The first problem is ensuring that "say somehow extsize was set very
huge" doesn't happen in the first place. Then all the other problems
just don't happen.

> convenient:
> case 1: the file now extends very little. -- 1GiB extsize leads a waste of
>         almost 1GiB.
> case 2: when CoW happens, 1GiB is preallocated. 1GiB is now too big for the
>         IO pattern, so the huge preallocting and then reclaiming is not necessary
>         and that cost extra time especially when the system if fragmented.
> 
> In above cases, changing extsize smaller is needed.
> 
> In theory, the exthint is a hint for future allocation,

It's not that simple because future allocation is influenced by past
allocation. e.g. What happens if the new extent size hint is not
aligned with the old one and we now have two different extent
alignments in the file?

What happens if an admin sees this when trying to triage some
other problem and doesn't know that the extent size hint has been
changed? They'll think there is a bug in the filesystem allocator
and report it.

What do we do with that report now? Do we waste hours trying to
reproduce it and fail, maybe never learning that the an extent
size hint change caused the issue? i.e. how do we determine that the
issue is a real allocation alignment bug versus it simply being a
result of "application did something whacky with extent size hints"?

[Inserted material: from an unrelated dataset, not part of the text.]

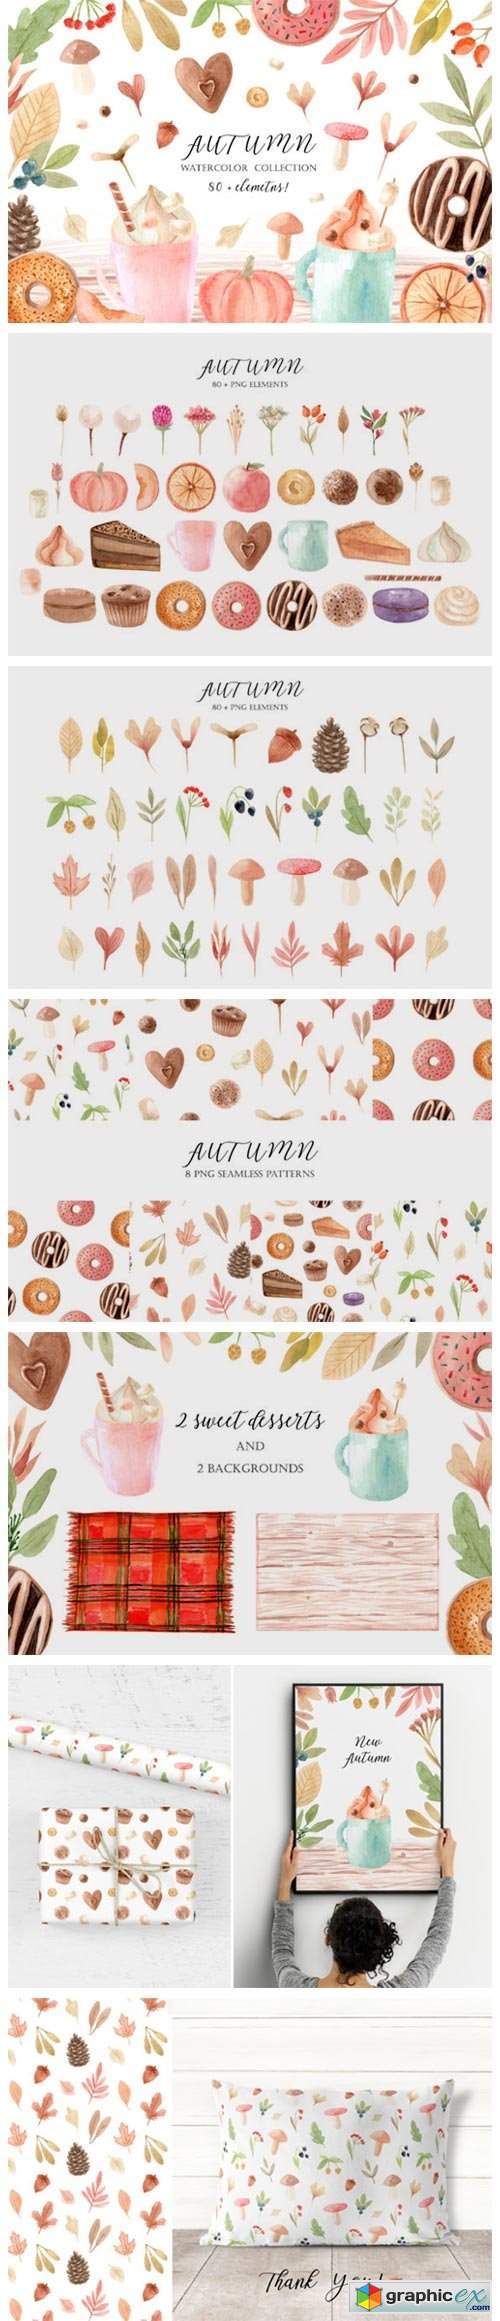 Watercolor Autumn Clipart Collection

Hence allowing extent size hints to change dynamically basically
makes it impossible to trust that the current extent size hint
defines the alignment for all the extents in the file. And at that
point, we completely lose the ability to triage allocation alignment
issues without an exact reproducer from the reporter...

Now, just disabling extent size hints avoids this issue (i.e. allow
return to zero if extents already exist) because there's now no
alignment restriction at all and nobody is going to care. However,
this creates new issues.

e.g it opens up the possibility that applications will scan existing
files for extent size hints set on them and be able to -override the
admin set alignment hints- used to create the data set.

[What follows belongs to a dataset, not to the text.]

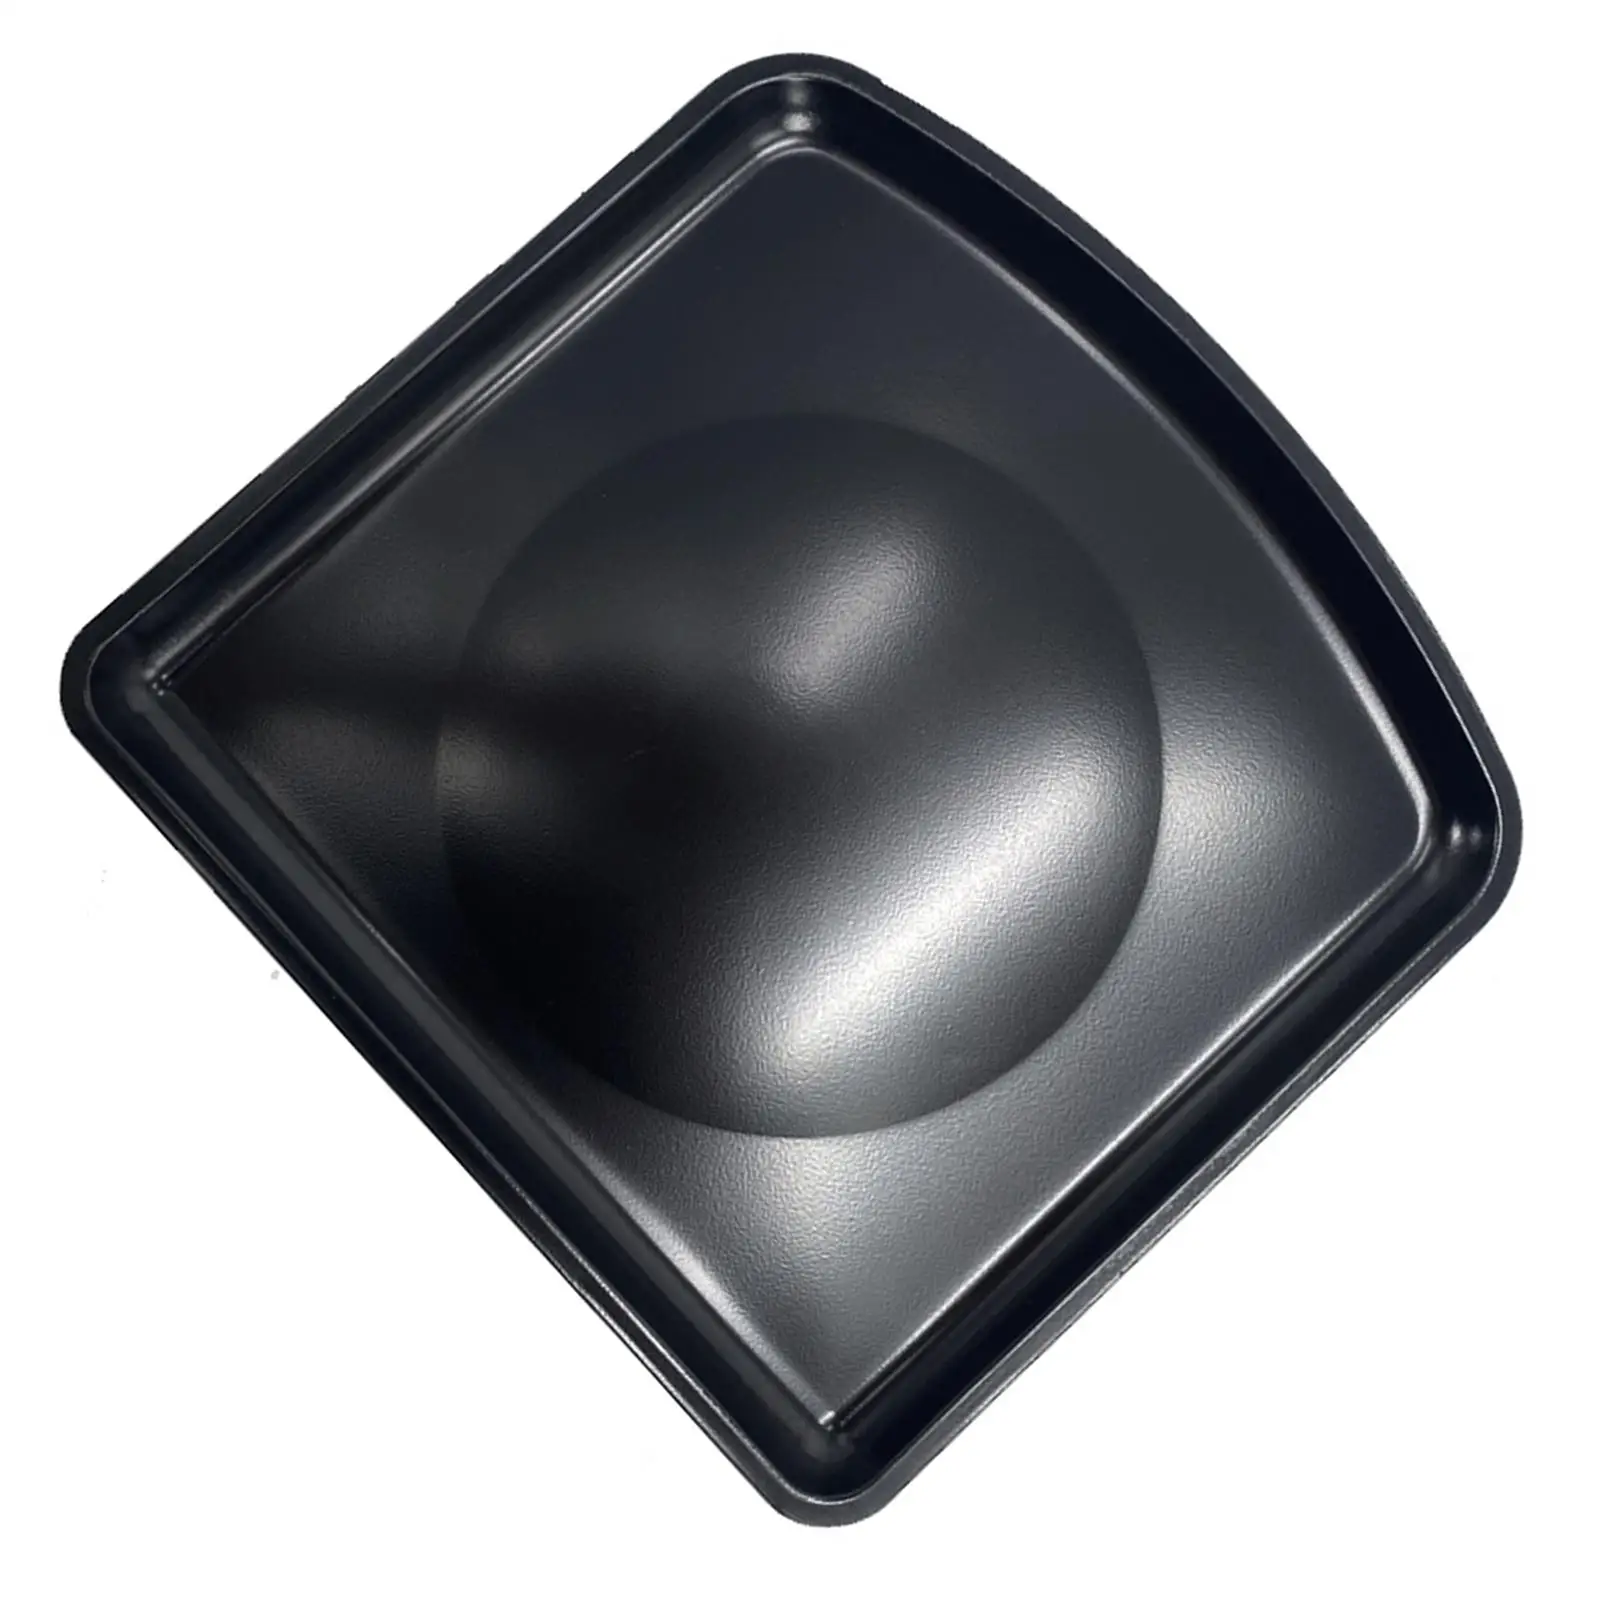 1PC Air Fryer Drip Tray Nonstick Coating Oil Drip Tray, 10inch, Black

The admin may have set inheritable extent size hints to ensure
allocation alignment to underlying storage because the applications
don't know about optimal storage alignments (e.g. for PMD alignment
on DAX storage). We don't want applications to be able to disable
these hints because the precise reason they are set is to optimise
storage alignment for better application performance....

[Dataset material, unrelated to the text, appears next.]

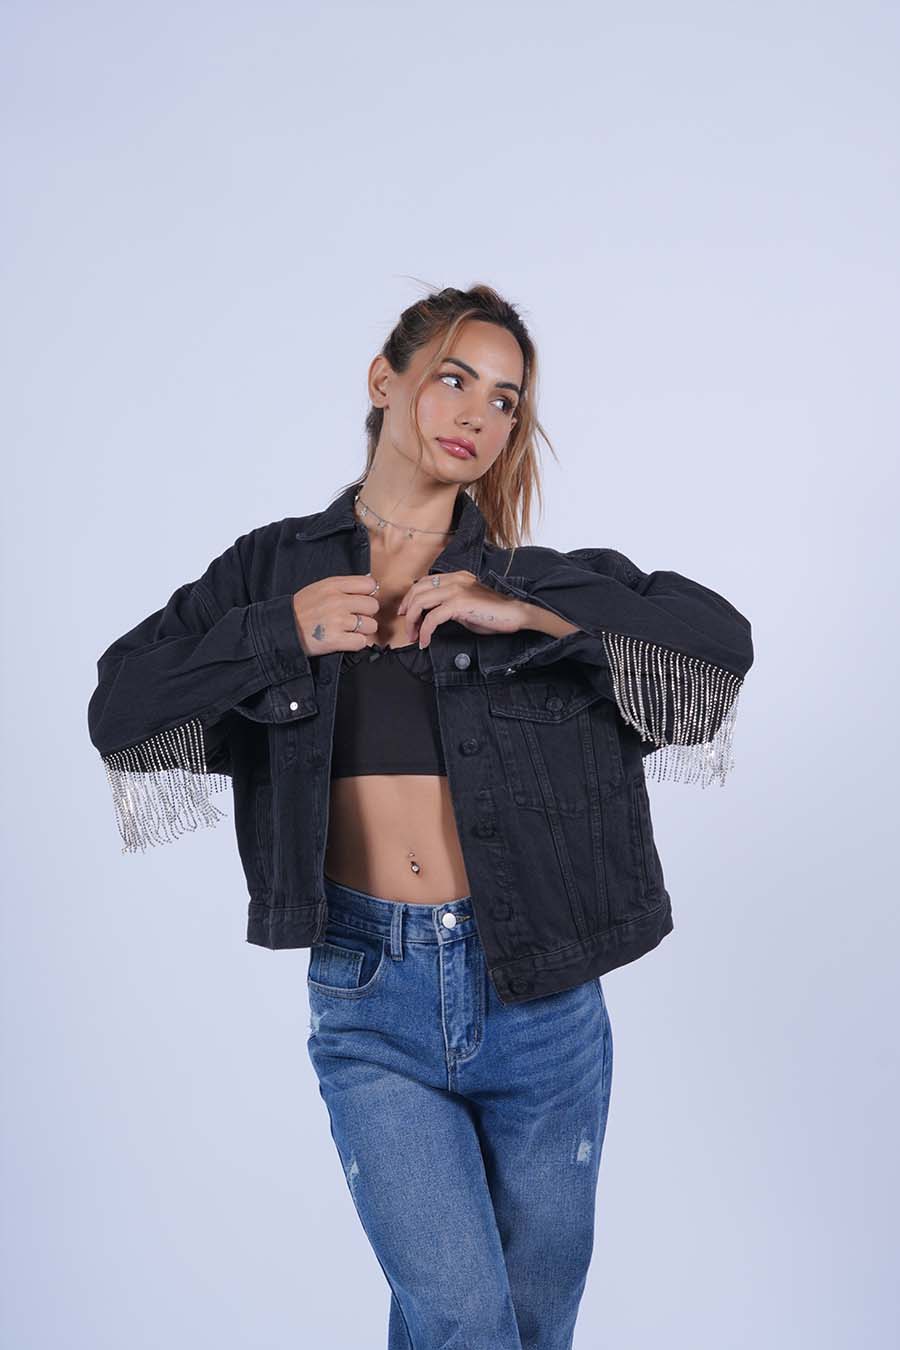 FRINGE FOREVER YOUNG VALKYRE JACKETS

IOWs, there are good reasons for not allowing extent size hints to
be overrridden by applications just by clearing/changing the inode
extent size field...

> I can't connect it
> to the blocks which are already allocated to the file/dir.
> So the only reason why we disallow that is that there might be some problems if
> we allow it.  Well, can we fix the real problem(s) rather than disallowing
> extsize changing?

The only reliable way to change extent size hints so allocation
alignment always matches the new extent size hint is to physically
realign the data in the file to the new extent size hint. i.e. do it
through xfs_fsr to "defrag" the file according to the new extent
size hint. Then when we swap the old and new data extents, we also
set the new extent size hint that matches the new data extents.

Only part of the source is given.